#### SOURCE DATA ####

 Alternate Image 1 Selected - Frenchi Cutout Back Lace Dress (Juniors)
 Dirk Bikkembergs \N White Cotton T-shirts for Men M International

####
#### SOURCE DATA ####

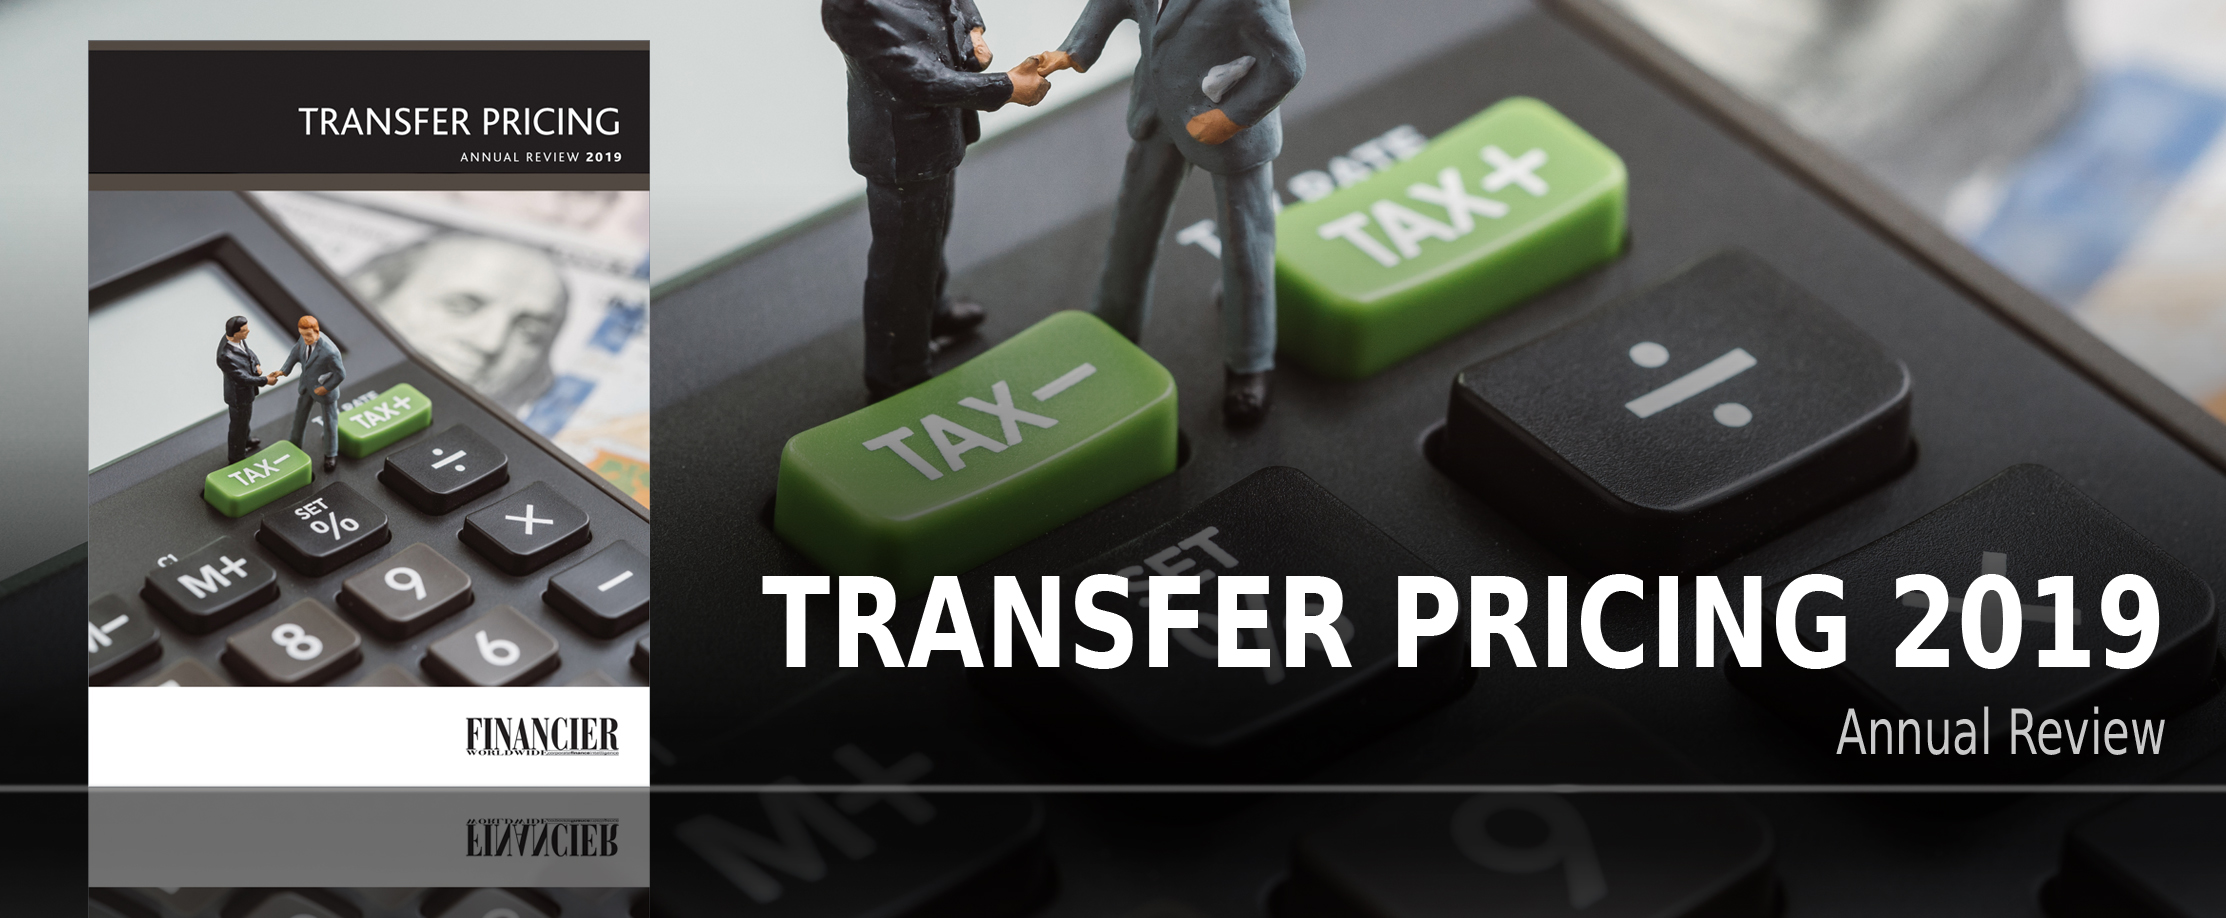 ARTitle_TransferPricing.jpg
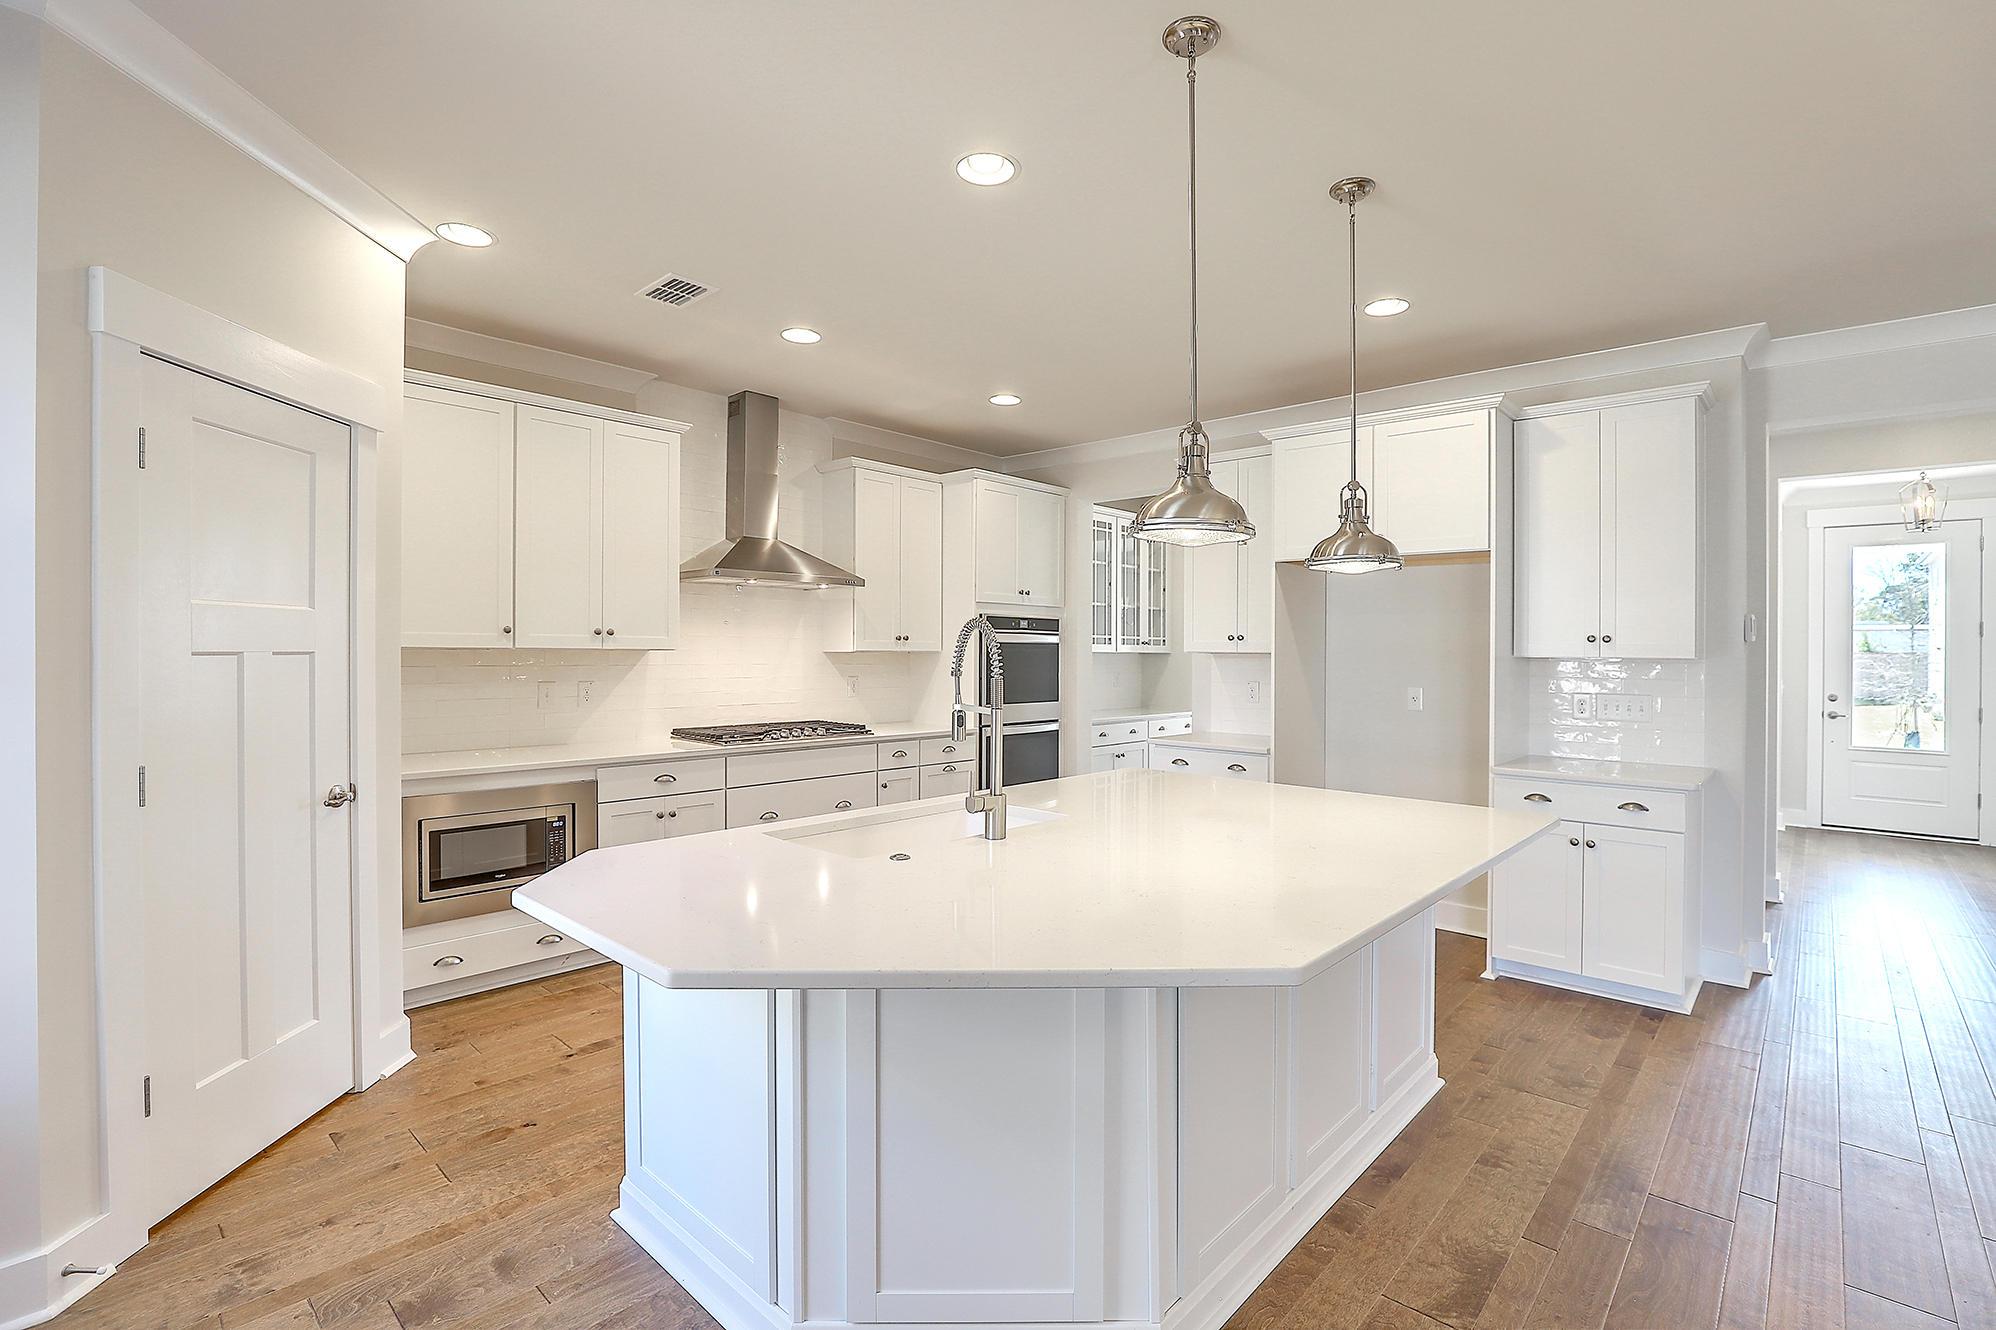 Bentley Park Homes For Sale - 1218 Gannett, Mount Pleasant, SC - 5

####
#### SOURCE DATA ####

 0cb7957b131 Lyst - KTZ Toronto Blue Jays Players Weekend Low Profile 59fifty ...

####

Transcribe the records above from the line holding "Alternate Image 1" down to the line holding "Dirk Bikkembergs \N", inclusive, without adding anything.

- _SOLUTION BELOW_
 Alternate Image 1 Selected - Frenchi Cutout Back Lace Dress (Juniors)
 Dirk Bikkembergs \N White Cotton T-shirts for Men M International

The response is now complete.